The Robot Revolution and Jobs: “Humans Need Not Apply” (video)

It has been about five years since the publication of my 2009 book The Lights in the Tunnel: Automation, Accelerating Technology and the Economy of the Future, which argued that we are on the brink of a revolution in robotics and artificial intelligence that would put millions of jobs at risk—and quite possibly threaten our overall economic prosperity.  Over the next few years, I followed up with a series of posts both here and at Huffington Post, warning of a future unemployment crisis, the potential automation of low-wage fast food jobs as well as the higher-skill white collar jobs sought by college graduates, and the negative economic consequences of widespread automation.

For most of the five years that I have been writing on this subject, I’ve been a relatively lonely voice; the attention of both the public and economists has been focused elsewhere. Over the the past year or so, however, things have changed quite dramatically: deep concern about the robot revolution—and its impact on jobs—is going mainstream.

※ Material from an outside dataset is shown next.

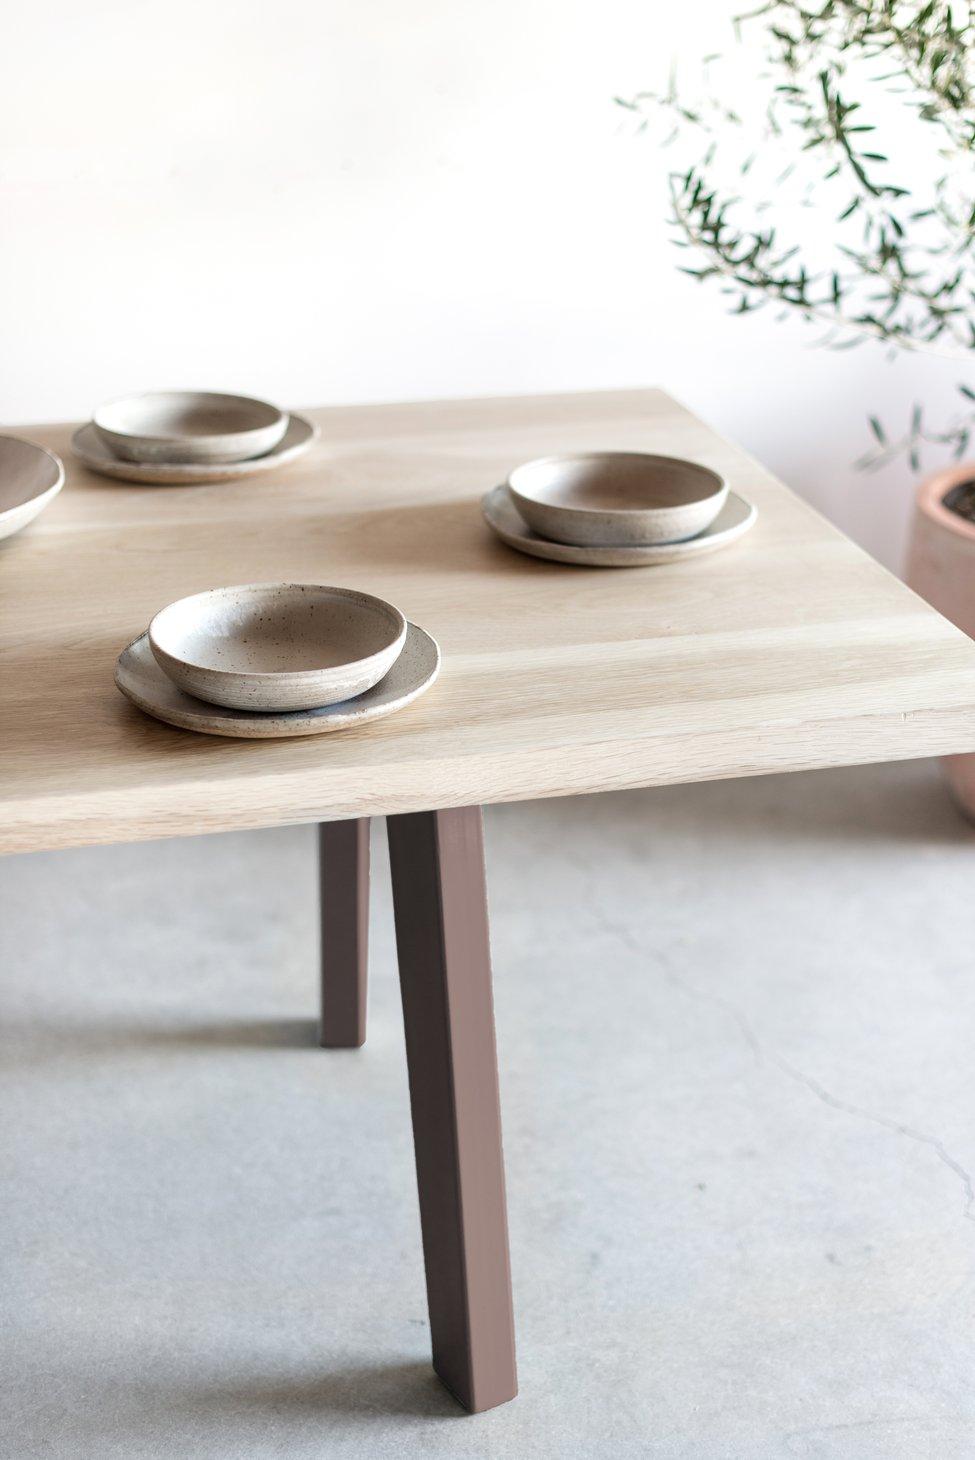 SIERRA_DINING_TABLE_CROFT_HOUSE_5_of_6_975x.jpg
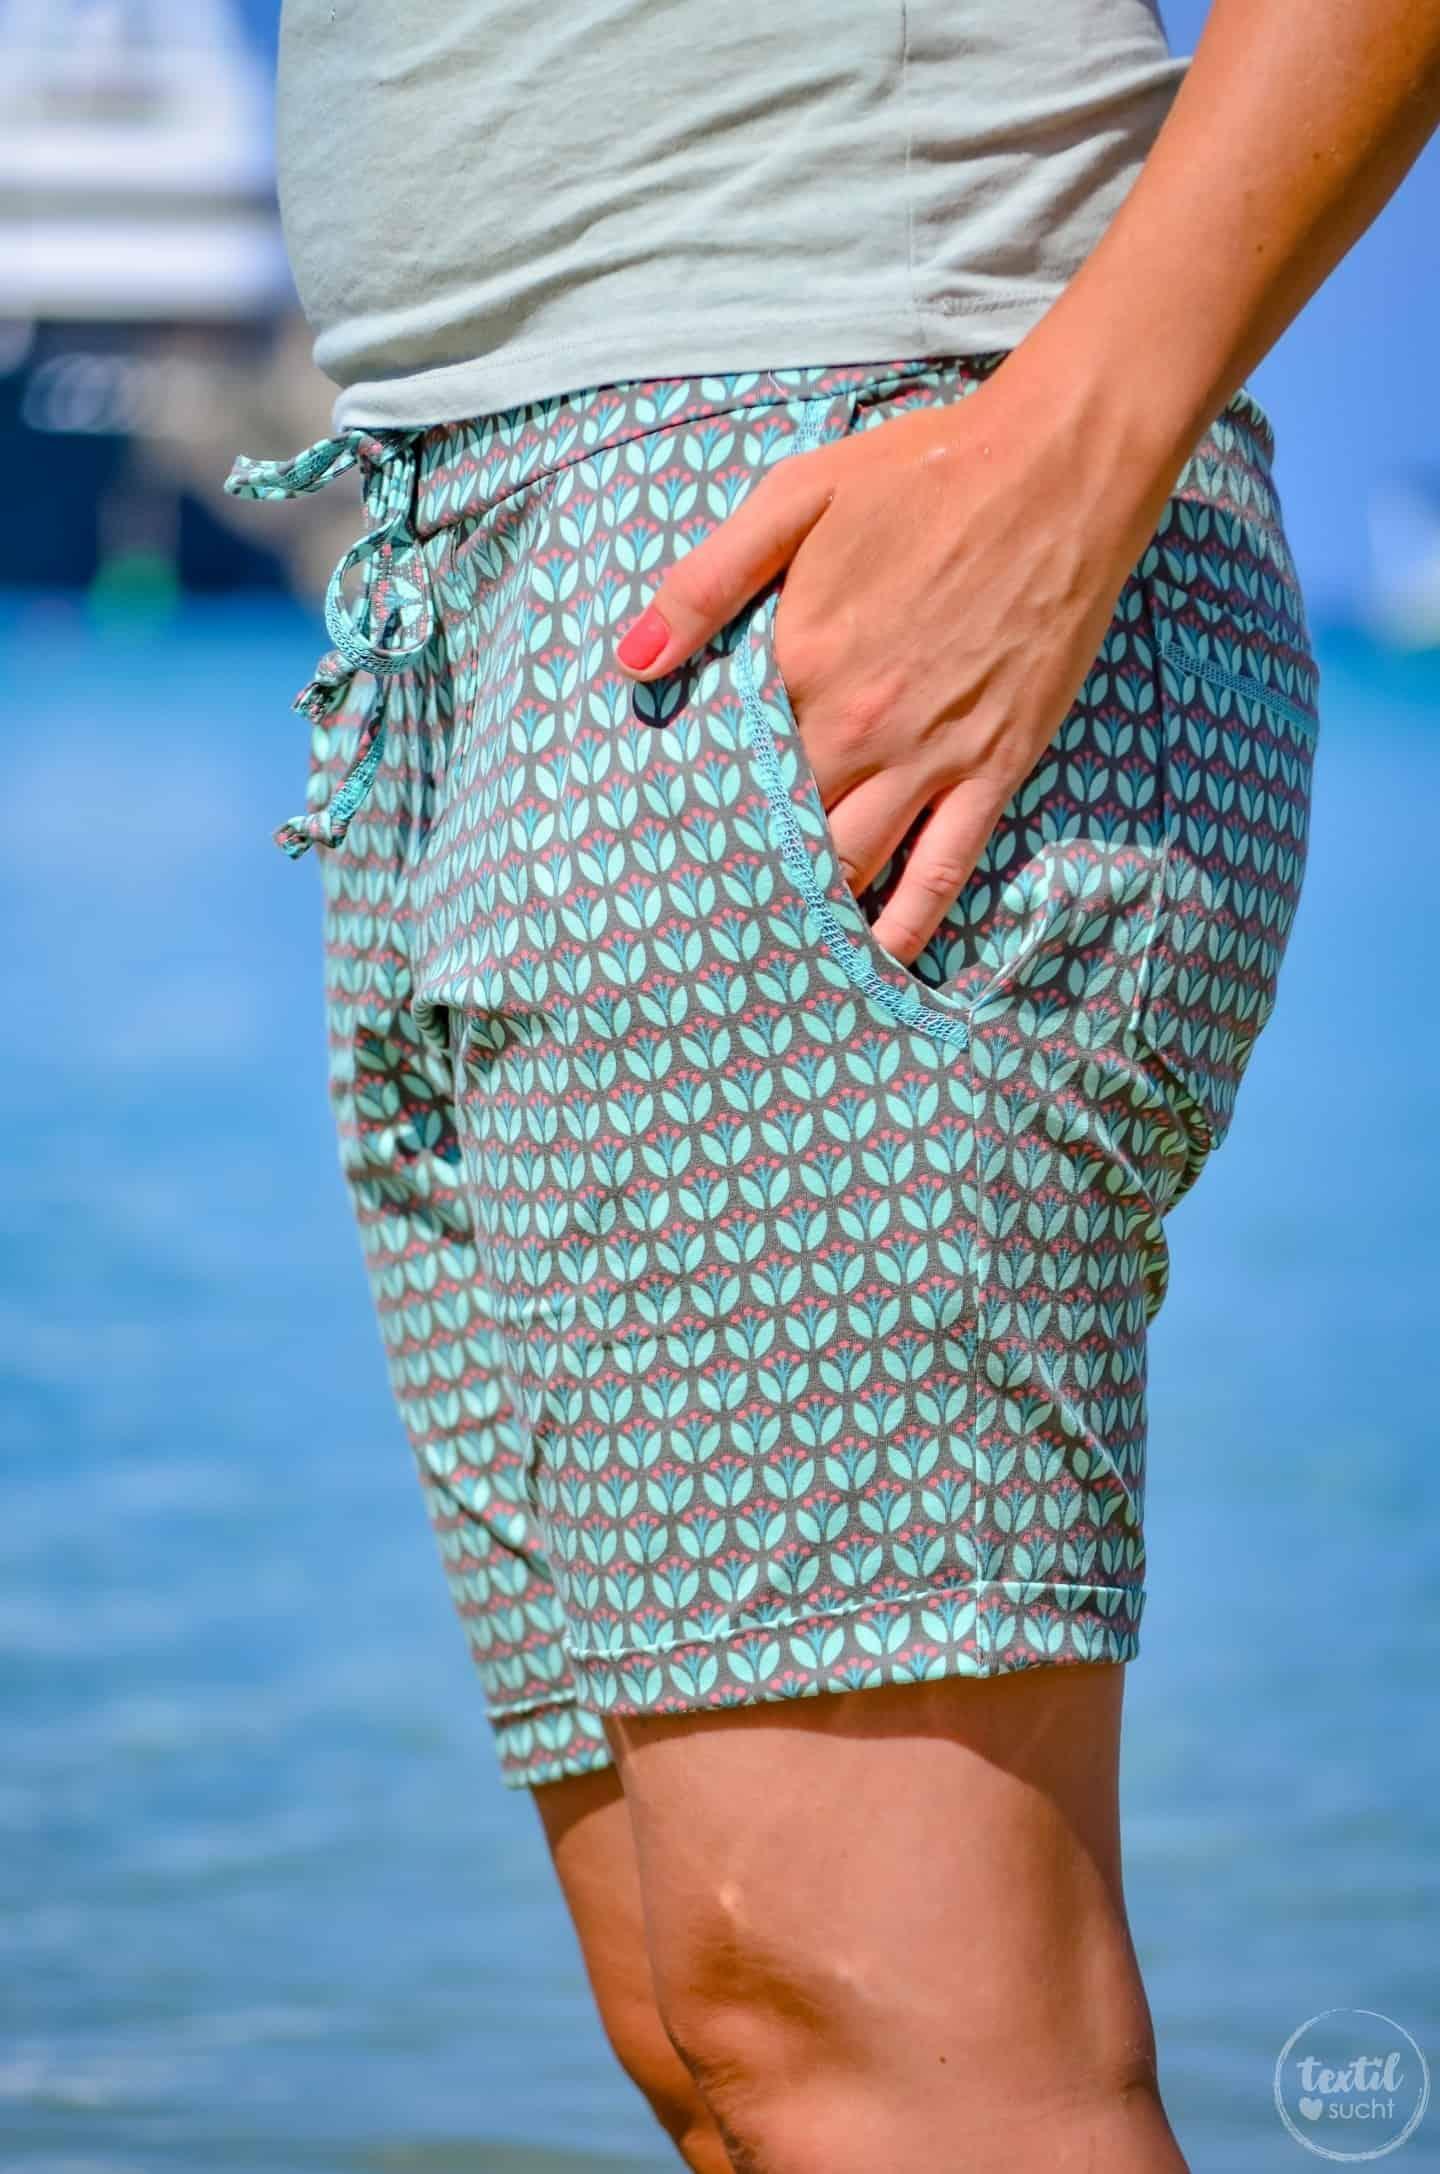 Nähen für den Strand: Schnittmuster Velara als Shorts - Bild 4 | textilsucht.de

In September 2013, researchers at Oxford University conducted a study of over 700 occupations and found that jobs representing about 47 percent of total U.S. employment (or over 60 million jobs) are likely to be susceptible to automation within the next decade or two.  A separate study by a think tank in Brussels found that between 50 and 60 percent of jobs in most European nations could eventually be taken over by robots or algorithms.  More recently, a survey of experts by Pew Research found that the vast majority expect that “robotics and artificial intelligence will permeate wide segments of daily life by 2025,” and about half of those surveyed expected a significantly negative impact on jobs.

Many of these concerns are captured in the extremely well-produced video, “Humans Need Not Apply,”  just released by C.G.P. Grey.  Grey has become well-known for short, high quality videos that clarify a variety of complicated topics, but this is his first full-fledged documentary and offers one of the best explanations I’ve seen as to why we should worry about the coming robot invasion.  I’d strongly recommend taking 15 minutes to watch this great video.

Update: I’ve added a second good video called “Transitions for Society.” The first the video does a great job of explaining technological unemployment, but doesn’t focus on solutions. The second video offers some possible policy prescriptions.

Humans Need Not Apply

Transitions for Society

10 thoughts on “The Robot Revolution and Jobs: “Humans Need Not Apply” (video)

  1. Martin, thanks for posting this. I agree it is a terrific video. Regarding being a lonely voice, I know how that feels as I’ve been talking about this for many years myself (even back on Usenet and at IBM Research around 2000) and most people still have their head in the sand. It’s a long slow process. Please continue to keep up the good fight! Mainstream economics has become essentially a form of religion apologizing for the status quo as the best of all possibilities, and it does not take kindly to people questioning some of its central assumptions. I reread James P. Hogan’s 1982 novel “Voyage from Yesteryear” when I want some inspiration, as it depicts a lot of denialism by those advocating mainstream economics when it collides with a culture of abundance.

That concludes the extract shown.